У них был свой язык. Когда сосед расходился совсем не вовремя, баба Клава брала ложку и стучала по переборке два раза. Это значило «угомонись, ночь». Сосед всегда отвечал. Стукнет в ответ два раза, тихо, и затихнет. Это значило «понял, извини». Они переговаривались так годами и ни разу не встретились в коридоре, чтобы узнать друг друга в лицо. А может, и встречались, да не знали, что это они.

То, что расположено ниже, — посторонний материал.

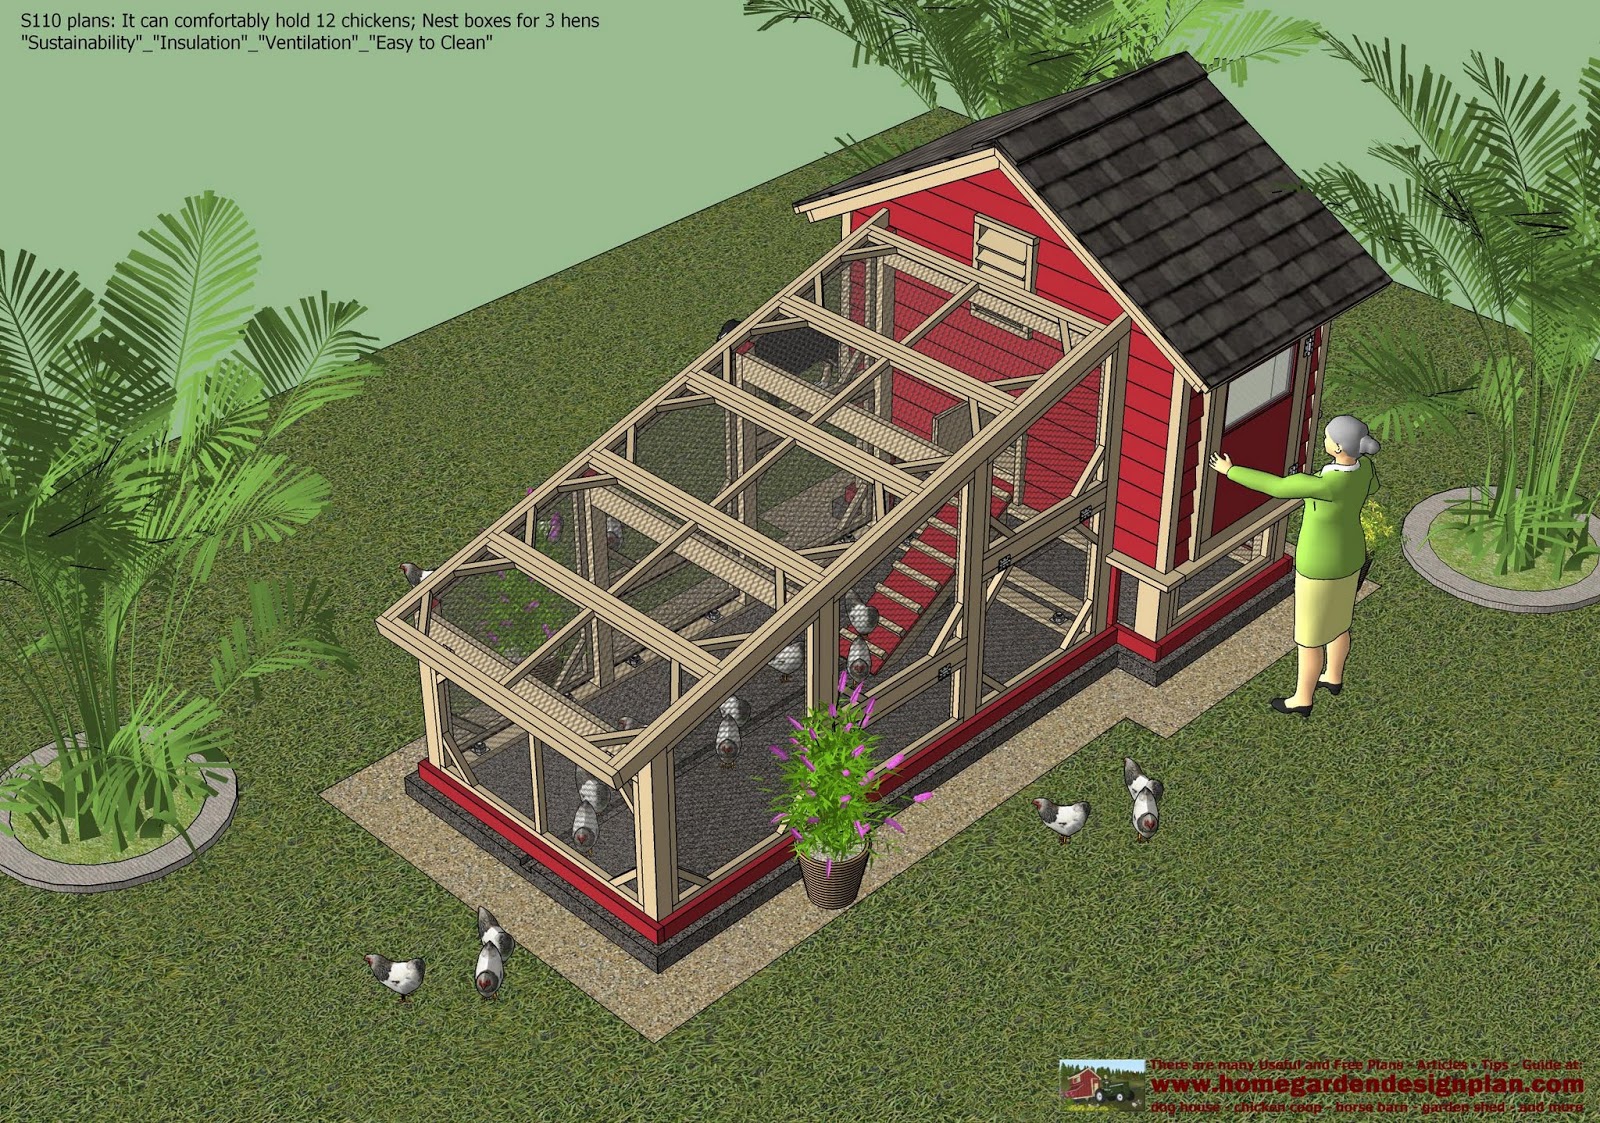 home garden plans: S110 - Chicken Coop Plans Construction

Иногда баба Клава думала, что хорошо бы переехать от этого стука. Но переезжать на корабле было некуда, и она оставалась, и сосед оставался, и стул его всё разваливался, и он всё его чинил.

А потом стук прекратился.

Не в один день. Сначала баба Клава заметила, что сосед стал тише есть. Потом, что он почти не разговаривает сам с собой. Потом, что утренний кашель идёт реже и слабее. Она не сразу поняла, что прислушивается. Просто в какой-то вечер она поймала себя на том, что лежит и ждёт привычного тук-тук-тук, а его нет. И на следующий вечер нет. И стул молчит, и койка скрипит редко, и за стеной стало так тихо, как не было двадцать восемь лет.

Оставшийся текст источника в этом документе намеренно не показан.